L’UE va procéder lundi aux derniers réglages qui lui permettront d’ouvrir les négociations sur la sortie du Royaume-Uni en adoptant officiellement le mandat de son émissaire Michel Barnier.
Depuis sa nomination par la Commission européenne le 27 juillet 2016, soit à peine un peu plus d’un mois après le référendum britannique sur le Brexit, le Français a sillonné l’Europe des 27 et rencontré tous ses dirigeants. Lundi, les États membres, réunis à l’occasion d’un conseil des ministres à Bruxelles, doivent lui confier officiellement les rênes des négociations avec Londres. «Ça devrait aller vite», a précisé un diplomate européen, interrogé sur la procédure.
Les Européens ont fixé trois dossiers qui devront être absolument réglés pour que le retrait soit jugé «ordonné»: les droits des citoyens, le règlement des questions financières et les nouvelles frontières extérieures de l’UE, avec une attention toute particulière pour la république d’Irlande et la province britannique de l’Irlande du Nord. Ensuite seulement, selon les orientations fixées par les dirigeants de l’UE réunis en sommet extraordinaire fin avril, des discussions pourront être entamées autour de la future relation entre l’UE et son voisin britannique, après plus de quatre décennies d’adhésion.
Tous ces principes sont repris dans les «directives de négociations», sur lesquelles les ministres réunis lundi à Bruxelles devront également voter, soit une traduction détaillée des souhaits établis par les 27. Selon une source européenne ayant requis l’anonymat, les délégations des États membres étaient partagées entre celles qui voulaient entrer dans les détails et d’autres qui se contentaient de formules plus générales. La Commission veut pouvoir garder «des marges de manœuvre» dans la discussion, a souligné cette source.
Scrutin britannique
Les Européens seront donc prêts à négocier mais ils devront encore attendre… l’issue des élections législatives anticipées du 8 juin au Royaume-Uni, convoquées par la Première ministre Theresa May. Les négociations du Brexit ne commenceront pas «avant la mi-juin», a précisé Michel Barnier. La campagne au Royaume-Uni, qui s’est cristallisée autour du Brexit, a donné lieu à un échange de piques entre Londres et Bruxelles, avant que le président du Conseil européen Donald Tusk ne s’interpose.
«Ces négociations sont assez difficiles comme ça. Si nous commençons à nous disputer avant qu’elles ne débutent, elles deviendront impossibles», a plaidé début mai M. Tusk pour tenter de désamorcer des tensions de plus en plus palpables. La conservatrice Theresa May est en quête d’un mandat clair pour ne pas être en reste face à des Européens qui se mettent méthodiquement en ordre de bataille. «Ce sera à eux (les Britanniques) de nous dire quand ils sont prêts», a observé une source diplomatique à Bruxelles.
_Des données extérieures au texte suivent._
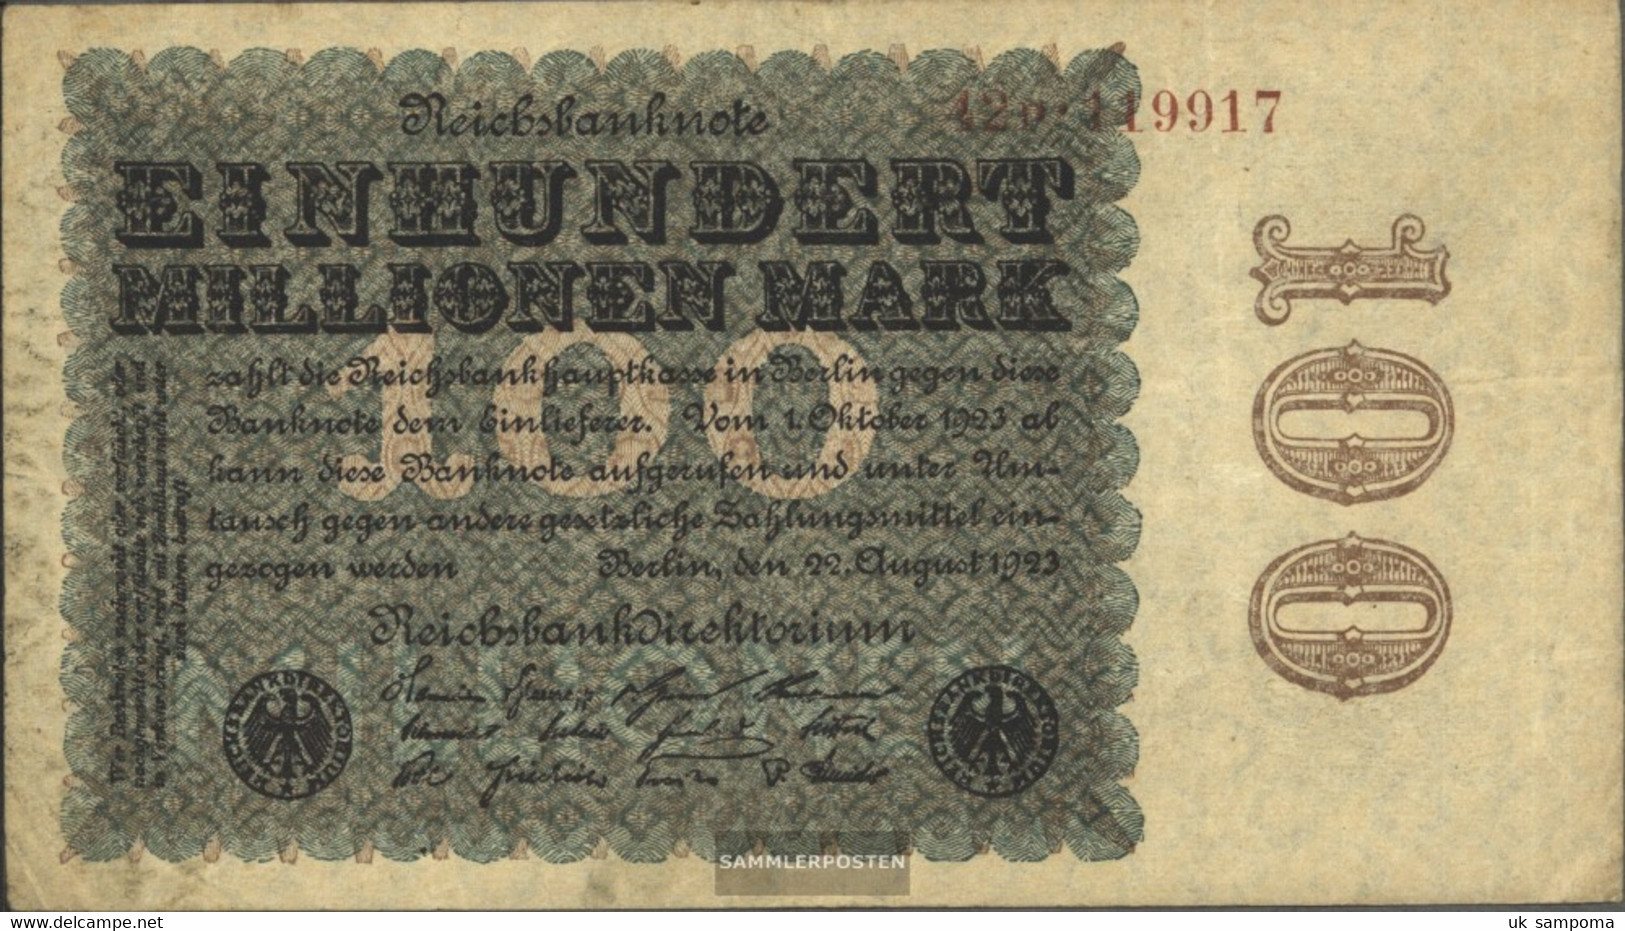 German Empire Rosenbg: 106e, Watermark Cabbage 6stellige KN Brown Used (III) 1923 100 Million Mark - 100 Miljoen Mark
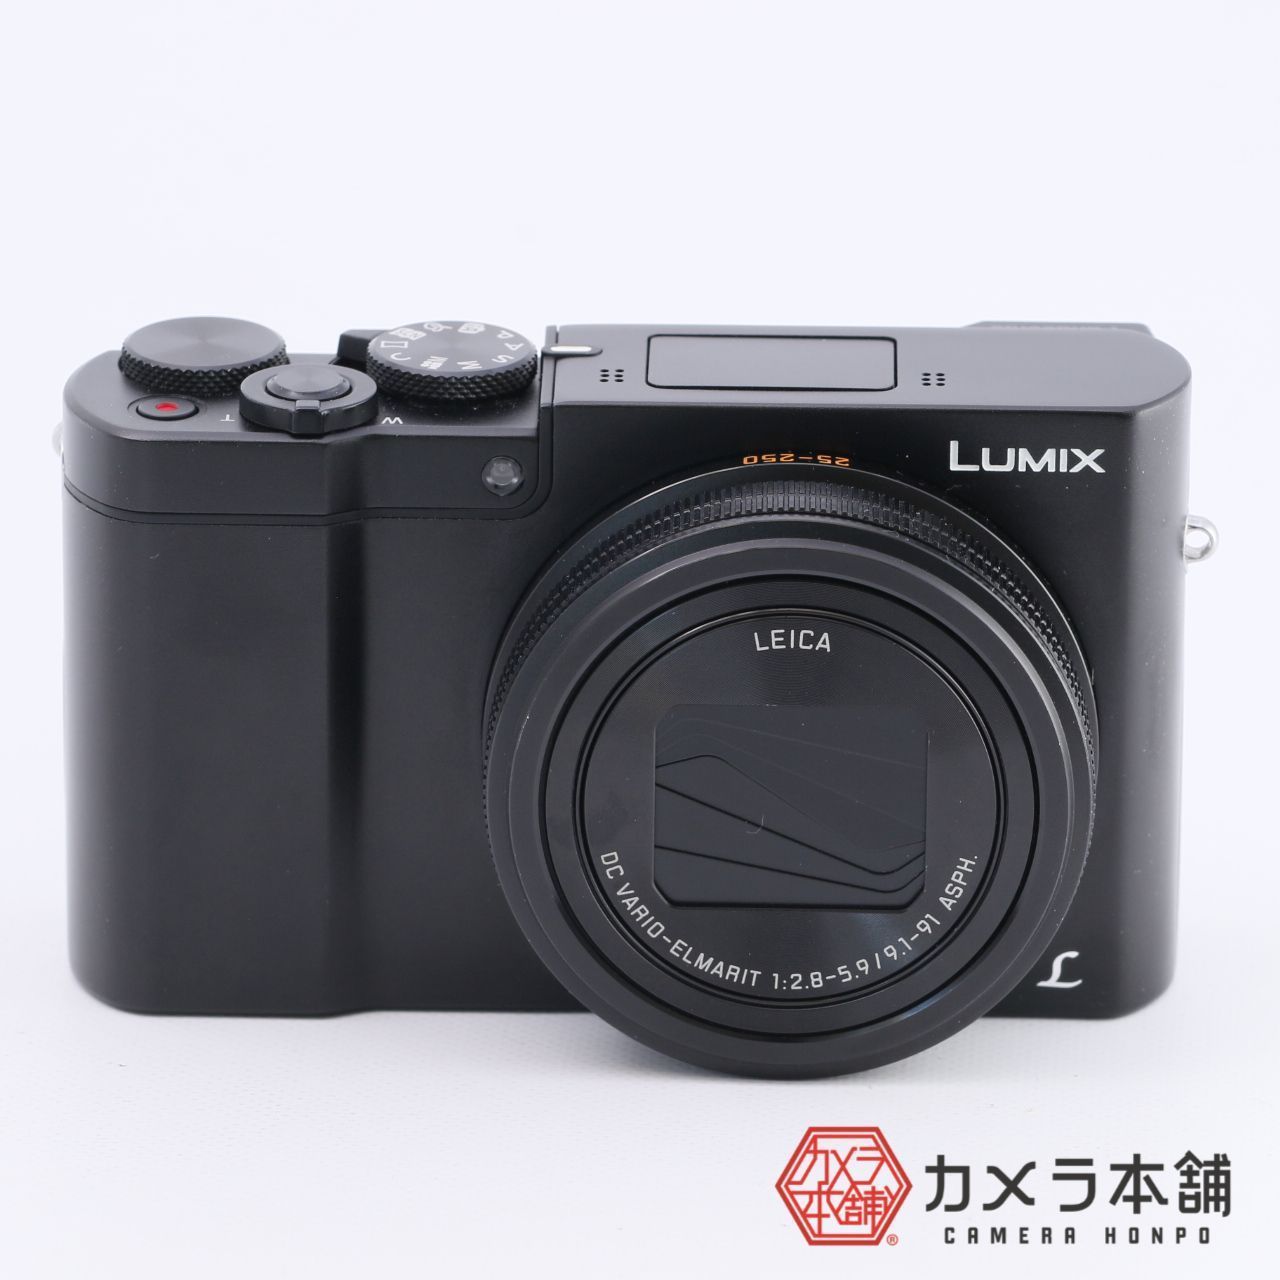 Panasonic LUMIX TX1 光学10倍 ブラック DMC-TX1-K カメラ本舗｜Camera honpo メルカリ

«Les cinq années à venir seront un tournant pour le Royaume-Uni, un moment fondateur et un défi. Chaque vote pour moi et mon équipe va renforcer ma main pour les négociations», martelait encore jeudi Theresa May lors d’un discours de campagne à Halifax (nord de l’Angleterre). A Bruxelles, les élections sont vues d’un bon œil. «Le fait qu'(elles) aient lieu juste avant le début de la négociation donne clairement à nos partenaires britanniques une stabilité et une visibilité dont nous avons aussi besoin», a expliqué Michel Barnier la semaine dernière devant le Parlement européen.
Mais devant les membres de la Commission, le «M. Brexit» de l’UE était plus pessimiste, selon les minutes de la récente réunion du collège des commissaires européens le 3 mai publiées sur le site de l’institution, en disant espérer qu’une fois les élections passées «le climat de politique intérieure au Royaume-Uni sera plus propice à un accord». L’un des points les plus délicats sera «sans doute» le règlement des sommes que l’UE réclame au Royaume-Uni (montant évalué côté européen à 60 milliards d’euros) du fait de ses engagements dans différents programmes et budgets européens, qui se poursuivront y compris après le retrait britannique, attendu à ce jour en mars 2019.
Sans accord sur ce point, le risque d’une absence d’accord «deviendrait réel, puisque aucun des 27 États membres ne veut contribuer davantage au cadre financier pluriannuel actuel (de l’UE), ni recevoir moins en projets financés par ce cadre», a expliqué Michel Barnier aux commissaires.